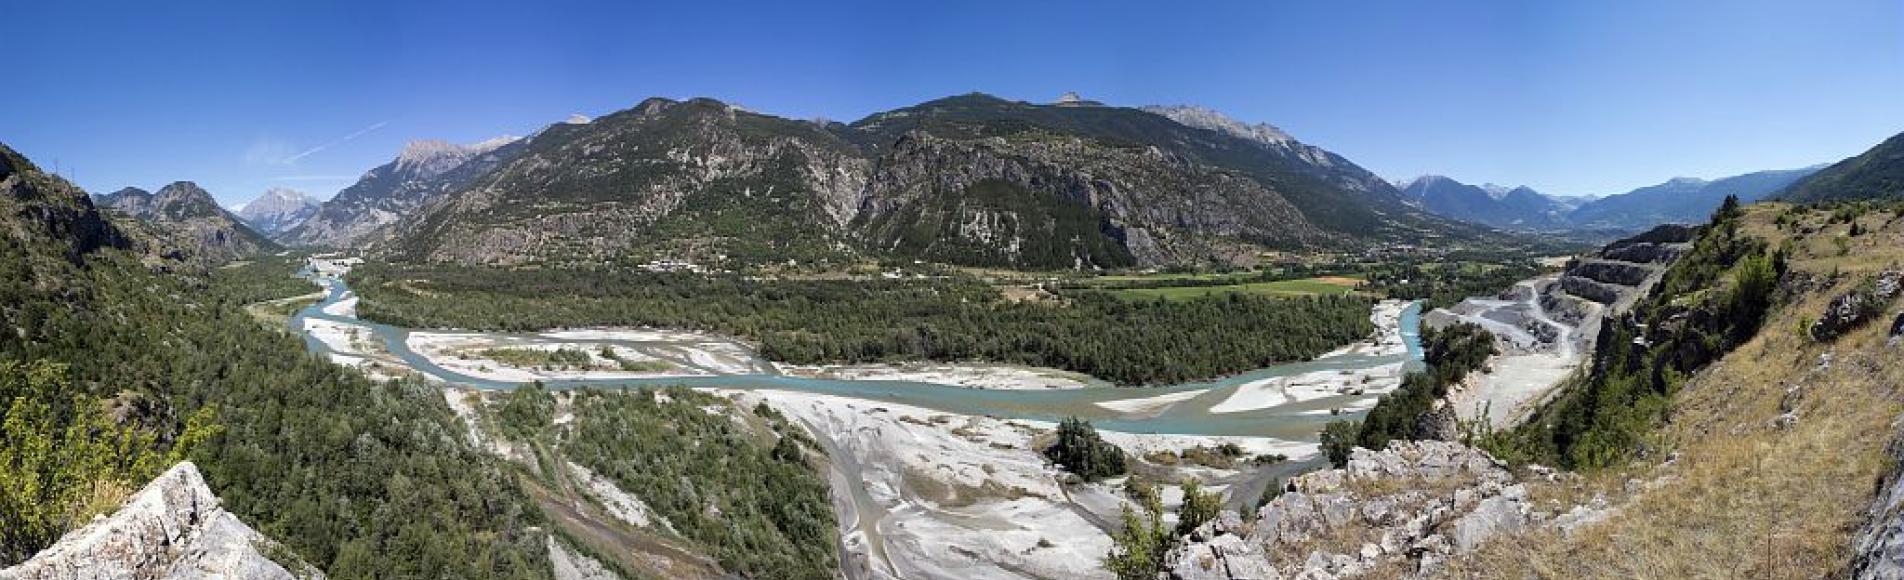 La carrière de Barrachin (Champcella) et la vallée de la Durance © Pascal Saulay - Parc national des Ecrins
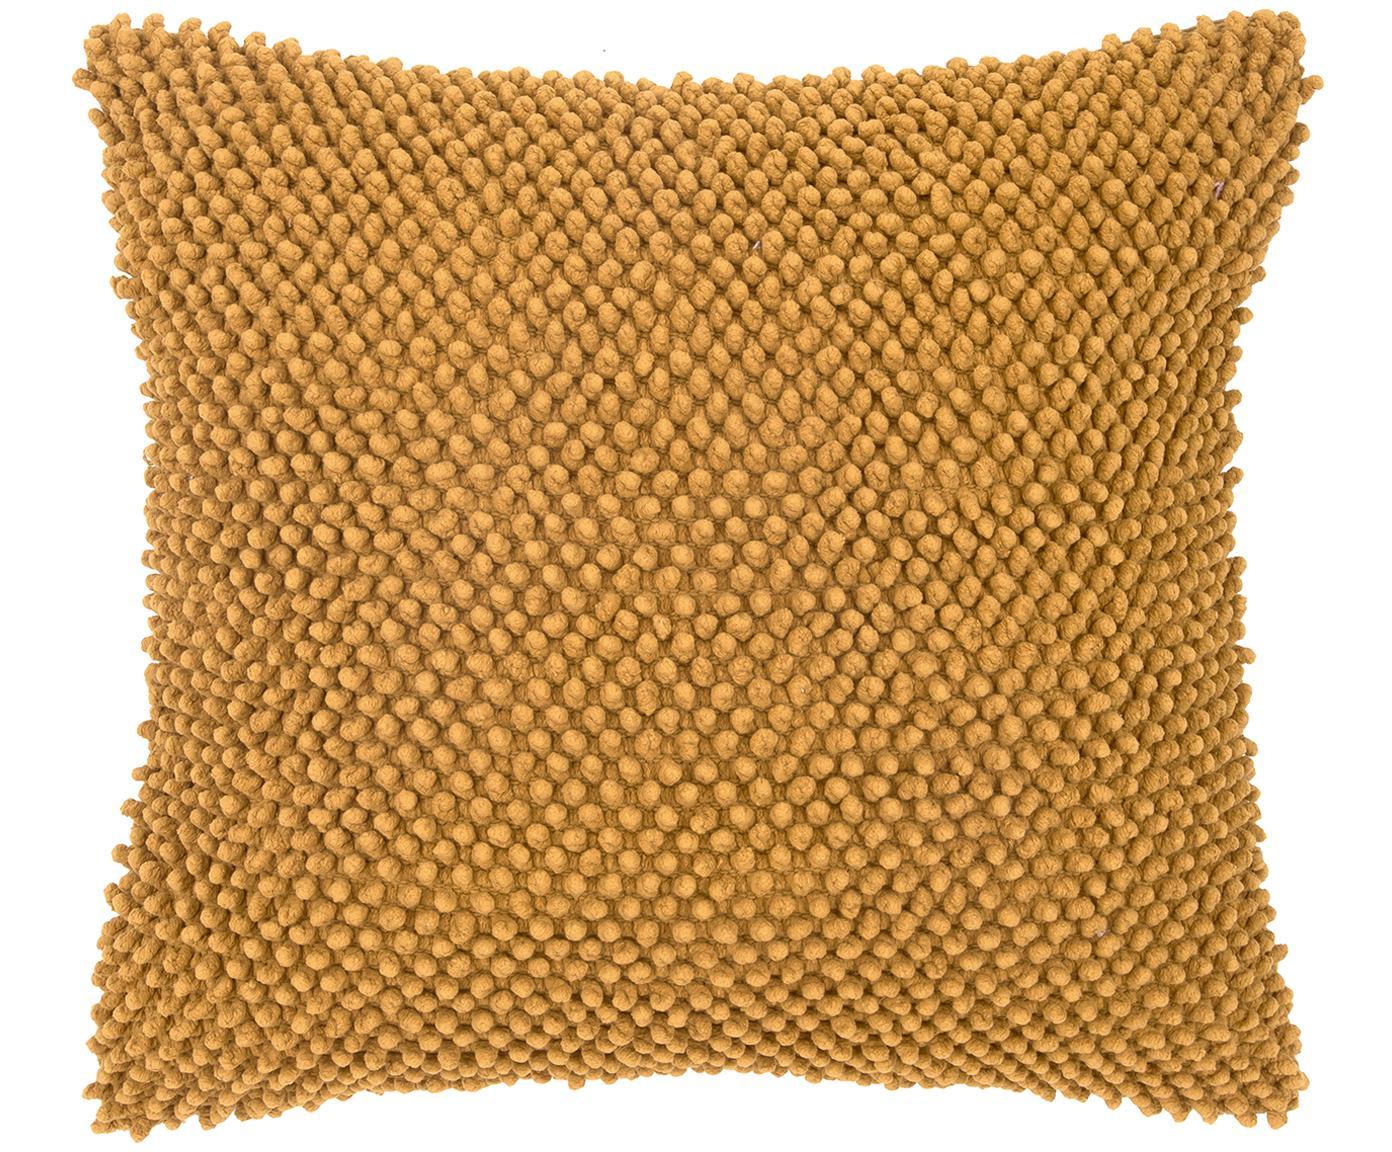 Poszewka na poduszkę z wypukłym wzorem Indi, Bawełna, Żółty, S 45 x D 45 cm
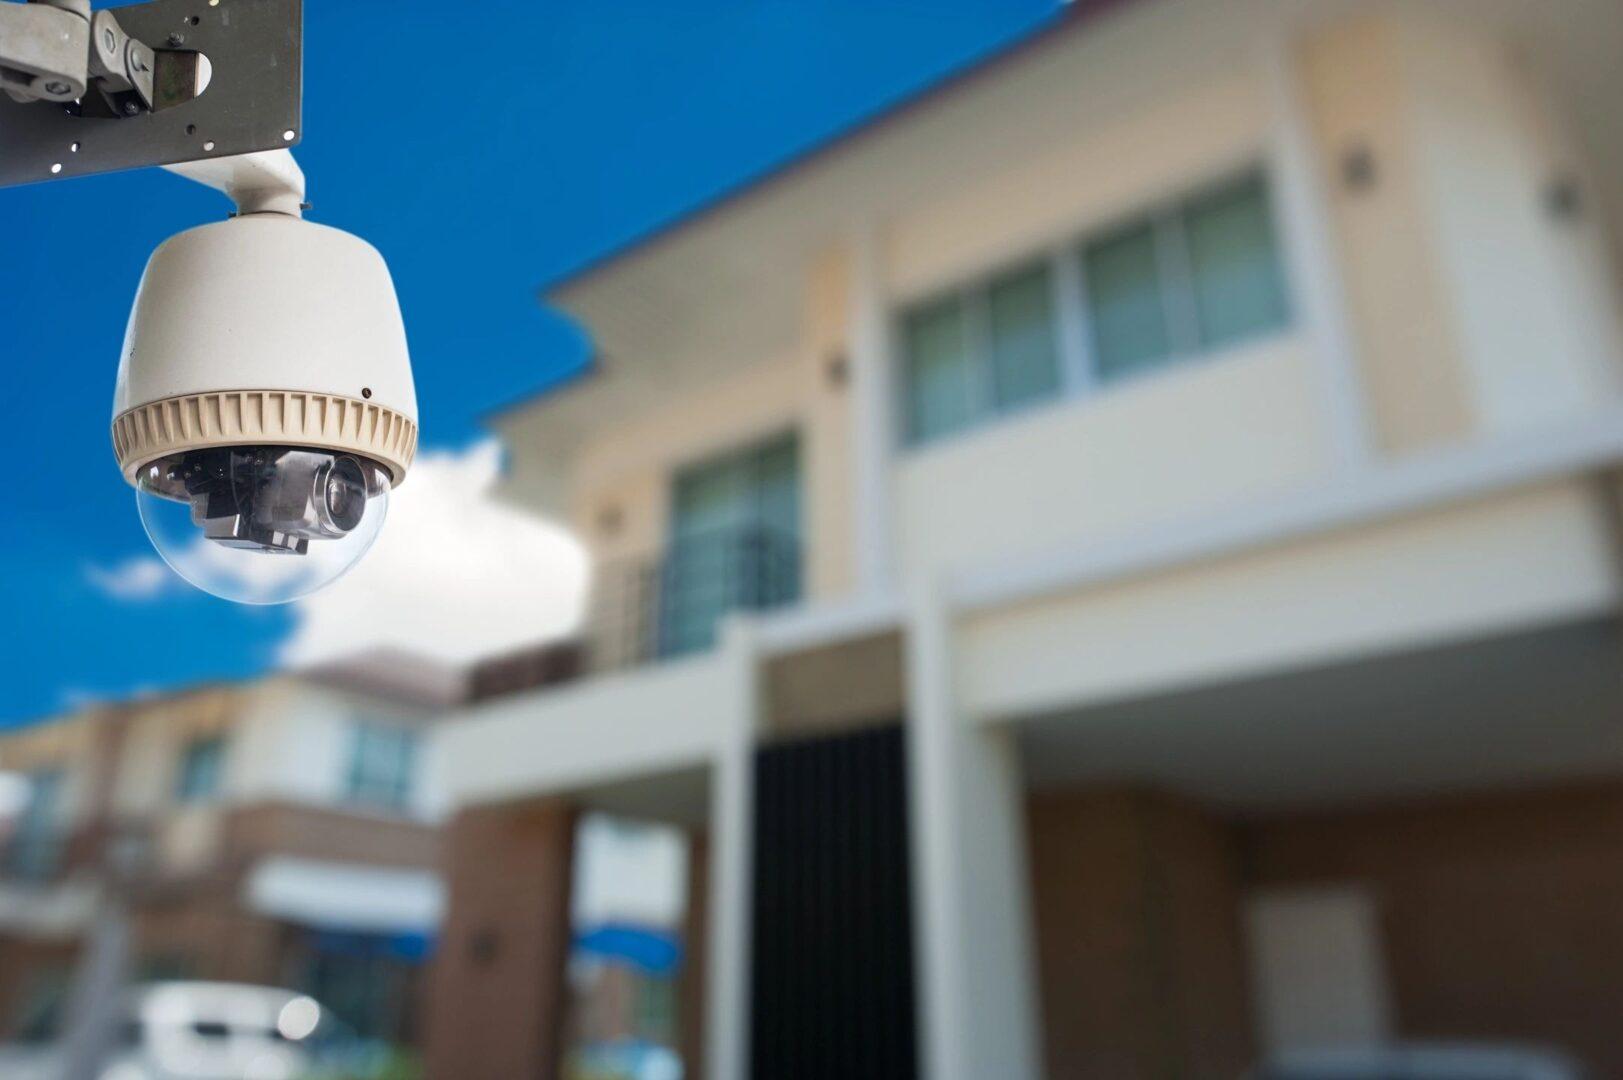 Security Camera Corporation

•••••

Restate word for word the lines above that start at the line containing "Poszewka na poduszkę" and run to the end of the listing; exclude the pictures.

**FINISHED TASK**:
 Poszewka na poduszkę z wypukłym wzorem Indi, Bawełna, Żółty, S 45 x D 45 cm
 Security Camera Corporation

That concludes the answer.